Krysten Ritter The B

April 11, 2012 by staff 

Krysten Ritter The B, Life Happens, from director/co-writer Kat Coiro, is a comedy centered on three young women – Kim (Krysten Ritter), Deena (Kate Bosworth) and Laura (Rachel Bilson) – who all live under the same roof in Los Angeles. When one of Kim’s one-night-stands results in an unexpected pregnancy, she turns to her girlfriends for help while she attempts to cope with single motherhood and jumping back into the dating scene amid the fear that having a child could put a quick end to any potential relationship. The movie also stars Jason Biggs, Justin Kirk, Kristen Johnston and Geoff Stults.

During this recent exclusive phone interview with Collider, the film’s star and co-writer Krysten Ritter talked about how this movie came together, the changes it went through in nearly four years of development, how happy she was with the final outcome of the film, and what she learned from this entire process and experience. She also talked about her role in the upcoming vampire comedy Vamps, from writer/director Amy Heckerling, playing the lead in the new ABC comedy series Don’t Trust the B in Apt. 23 (airing Wednesday nights, starting April 11th), and the pilot she’s producing for MTV, adapted from the novel Cassandra French’s Finishing School for Boys. Check out what she had to say after the jump.
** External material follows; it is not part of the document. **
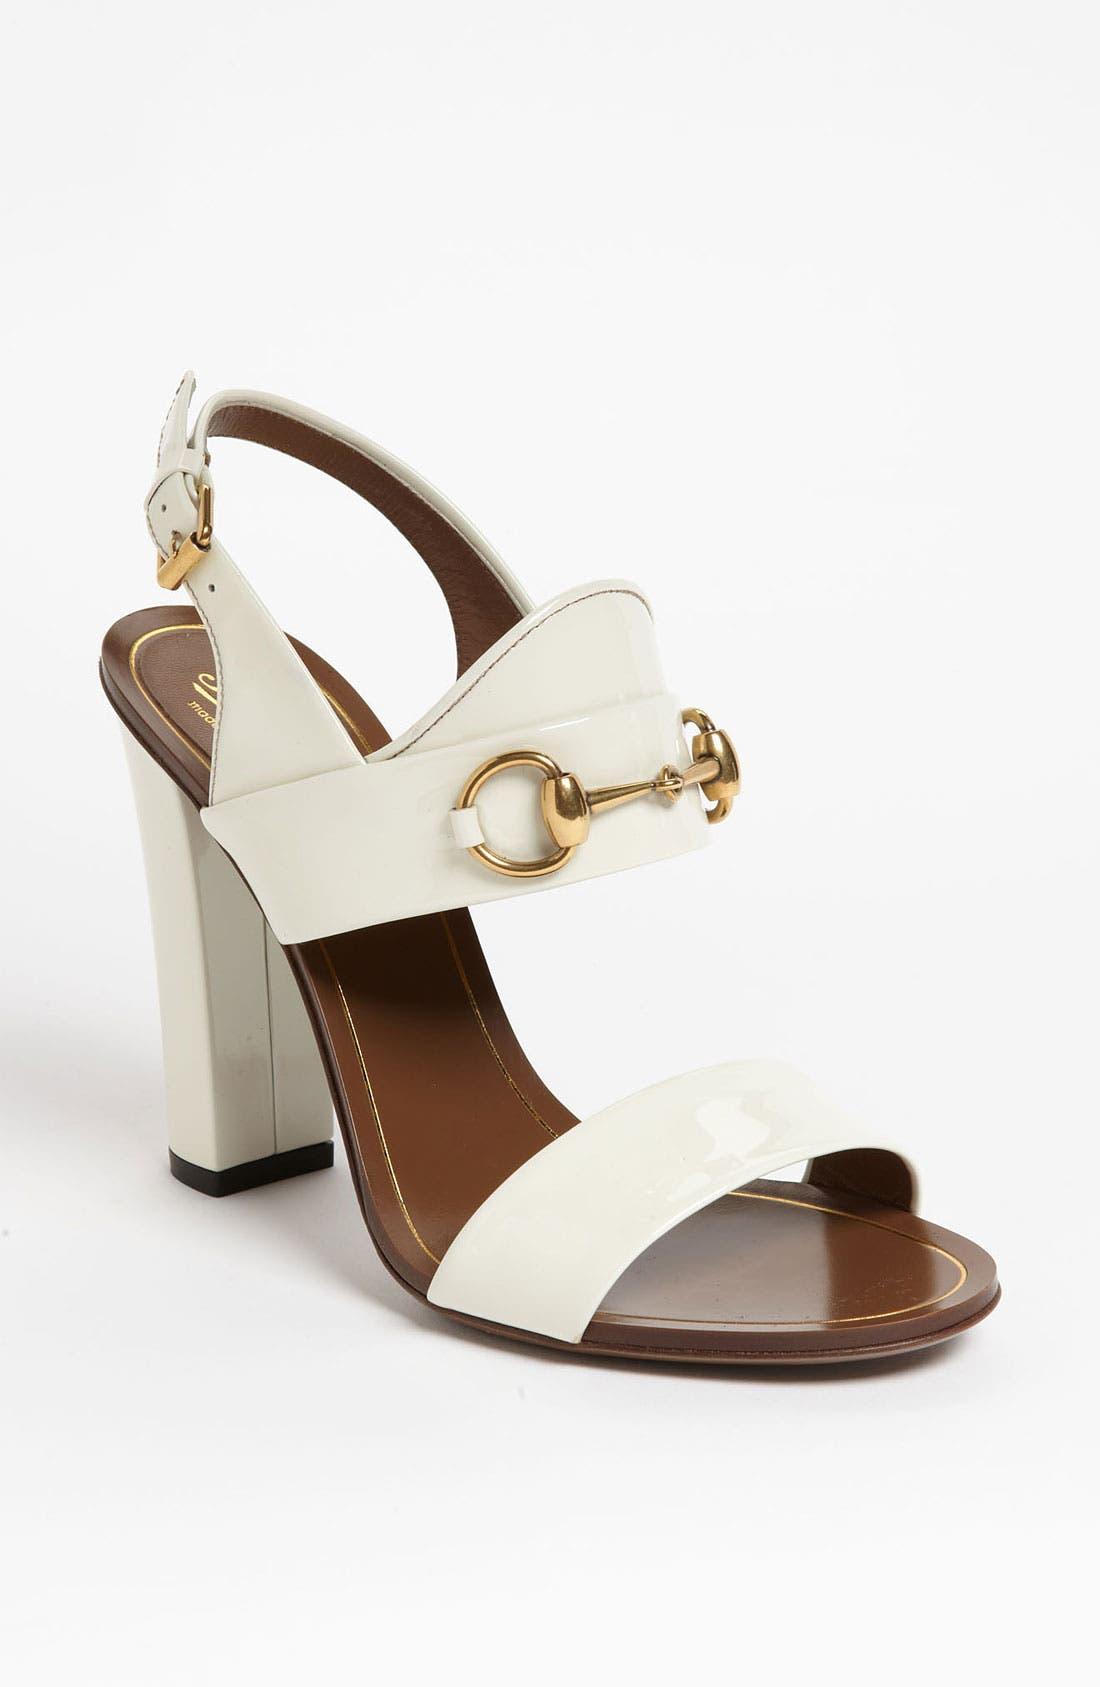 Main Image - Gucci 'Alyssa' Sandal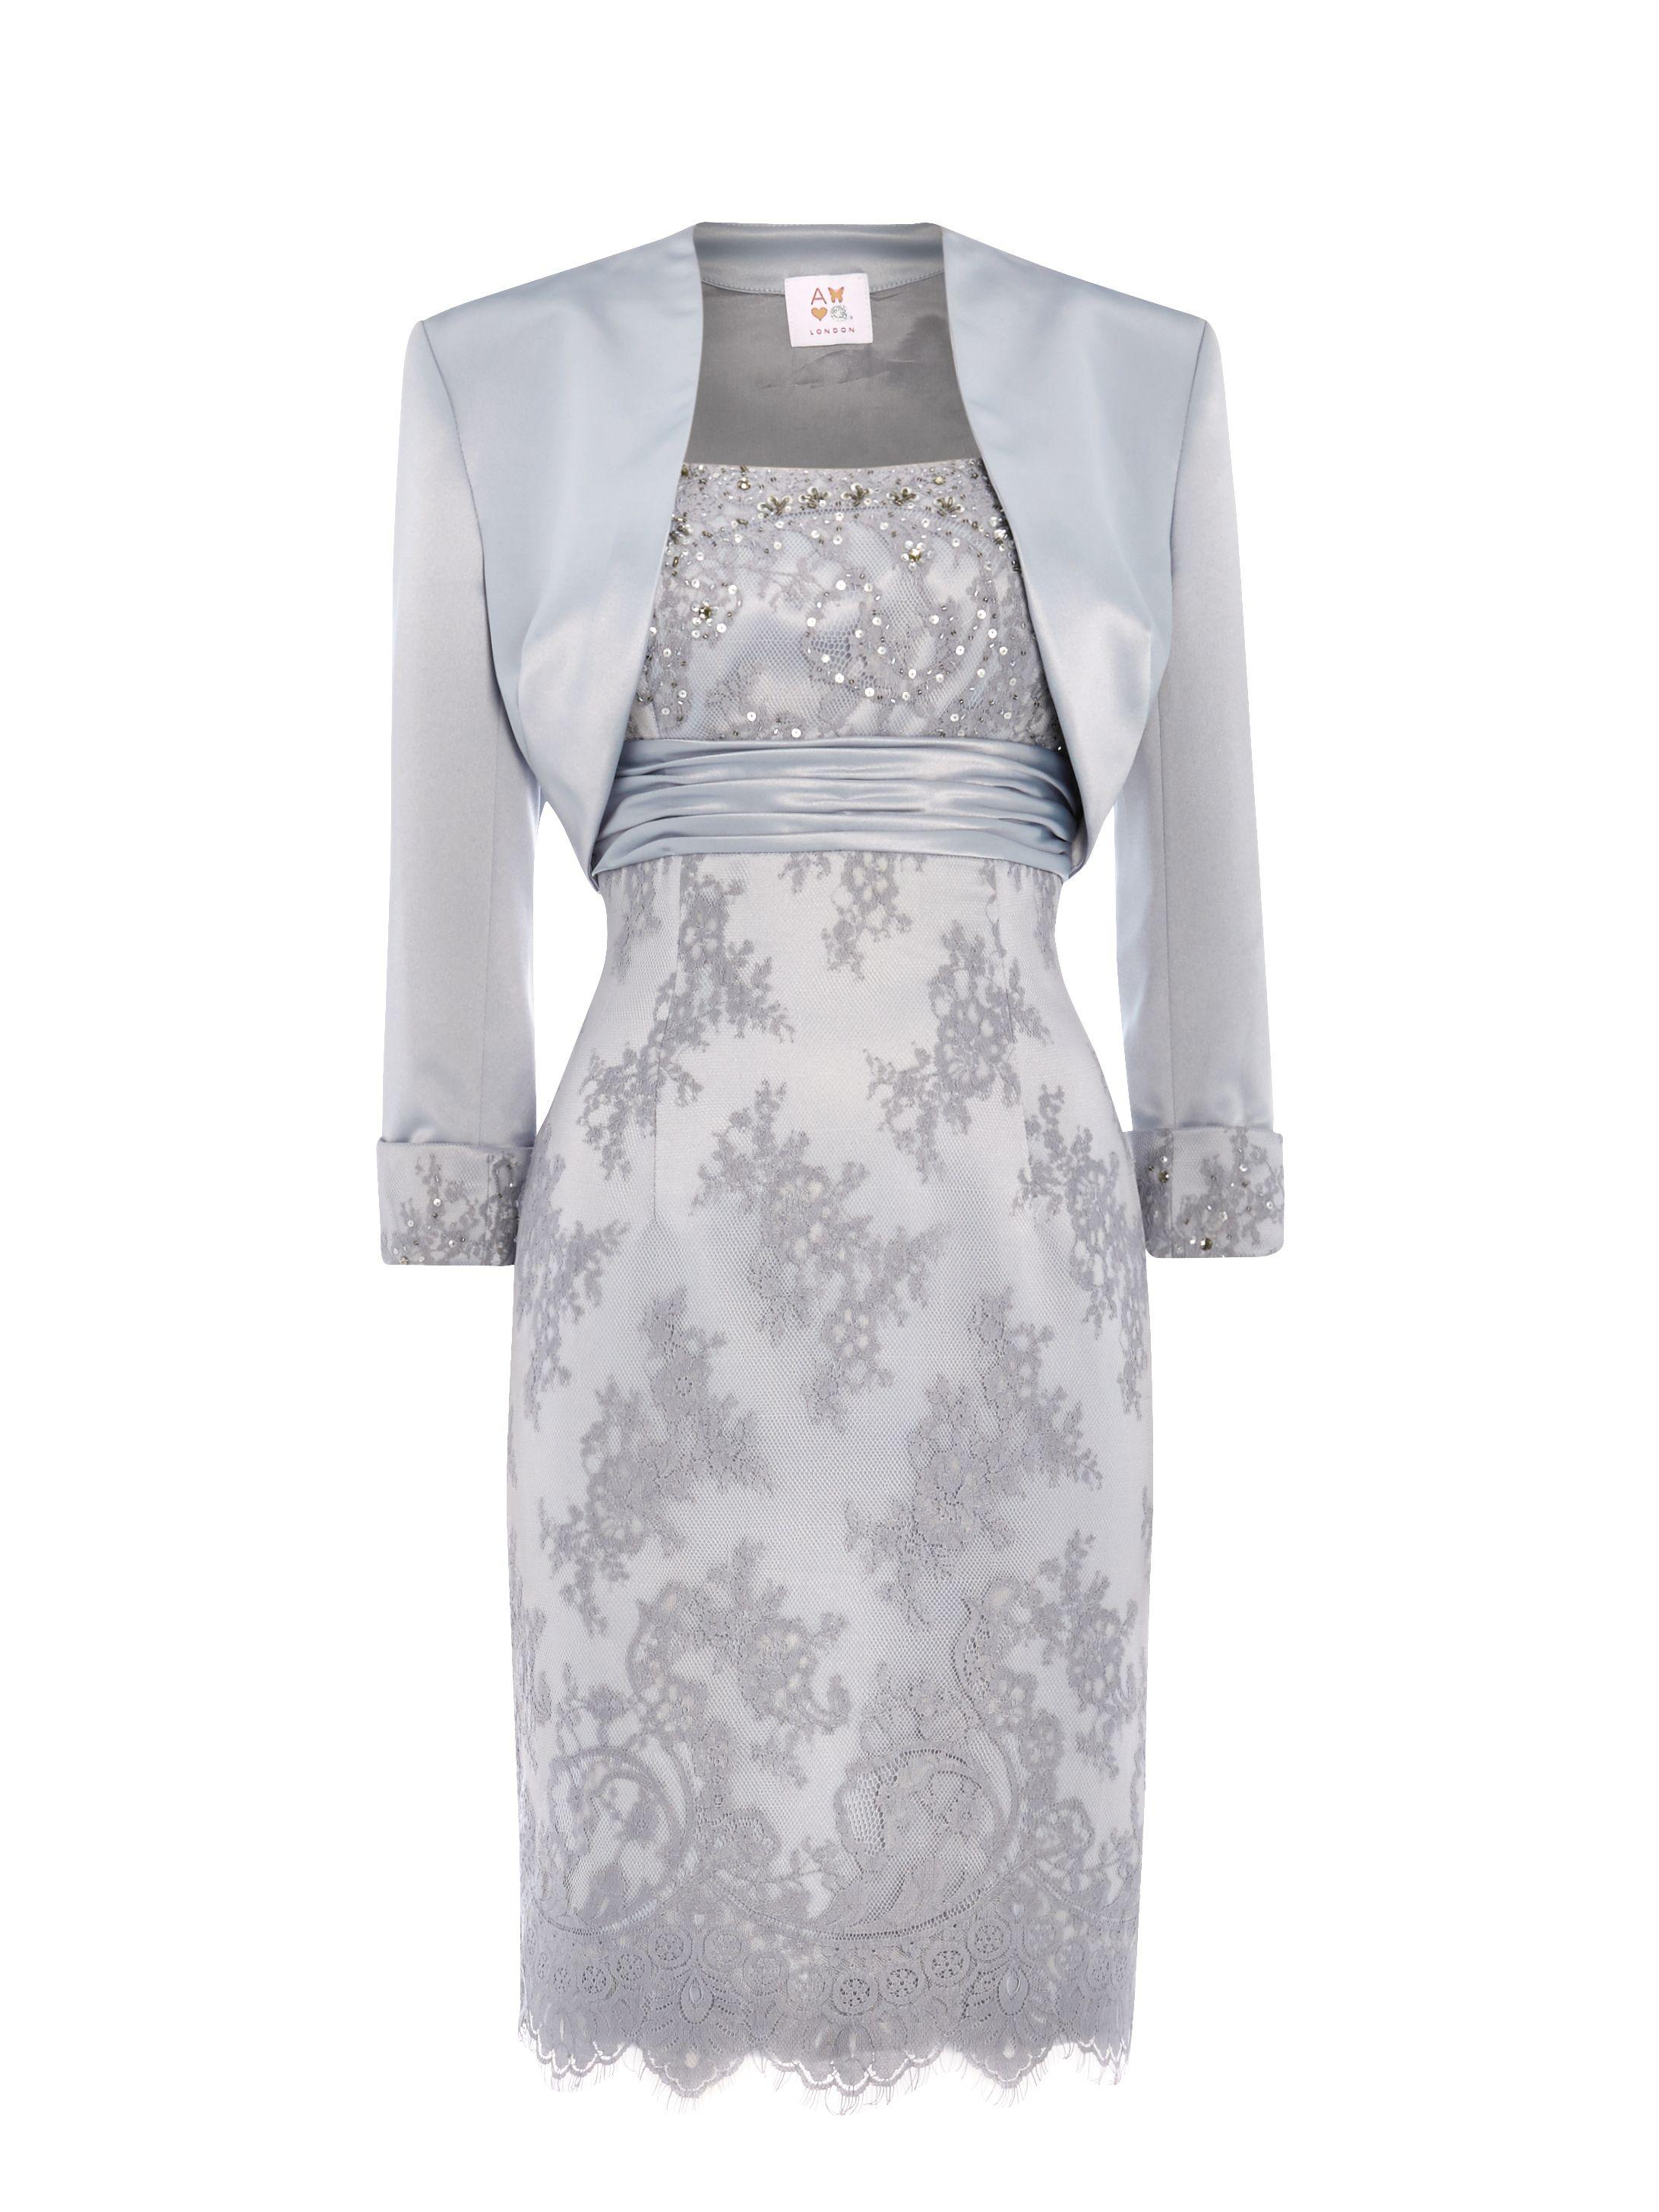 Platinum Mother of the Bride Dresses

Collider: How did this movie happen? How did you and Kat Coiro originally meet and end up deciding to write this together?

Krysten Ritter: Kat and I have been longtime friends. We’re both very psychotically driven, hard-working young women, and we always had this plan to dominate the world, like the two characters in the movie. We started writing and she had a baby, and we had this eureka moment where we just realized that’s the story we wanted to tell, about young girls, figuring out who they are and trying to have it all, but also when you throw a baby in the mix, it creates a whole other set of challenges.

You approached this with the desire to create a female buddy comedy, but how much did the story evolve while you worked on it for nearly four years?

Ritter: Quite a bit. We wrote an early draft when we were both starting out and we had different connections and we were getting different notes from people. And then, we got the script to this place where it got out there. After I did She’s Out of My League, I had gotten friendly with some of the execs at DreamWorks and they slipped it somewhere. The next thing you know, Kat and I were getting calls for fancy meetings and big agents were calling us, and it changed the landscape of both of our careers. And then, producers wanted to buy it.

It was just going through those processes and putting together ideas of who would be in it and who greenlights movies. We tried to do it the studio way, but that didn’t get made. It’s really hard to sell a script, and it’s even harder to get a movie made. It just almost never happens. Then, we were doing it as a TV, and that didn’t get made, which I think was right and for the best. We were like, “Why don’t we just make the original version of the script that everybody liked so much?” We decided just to take matters into our own hands. If you really want something, you’ve gotta just do it and not wait for other people to hand it to you. So, we just put it together in a cute little package, we called actors and got them to attach themselves, and we called in every favor you could possible imagine.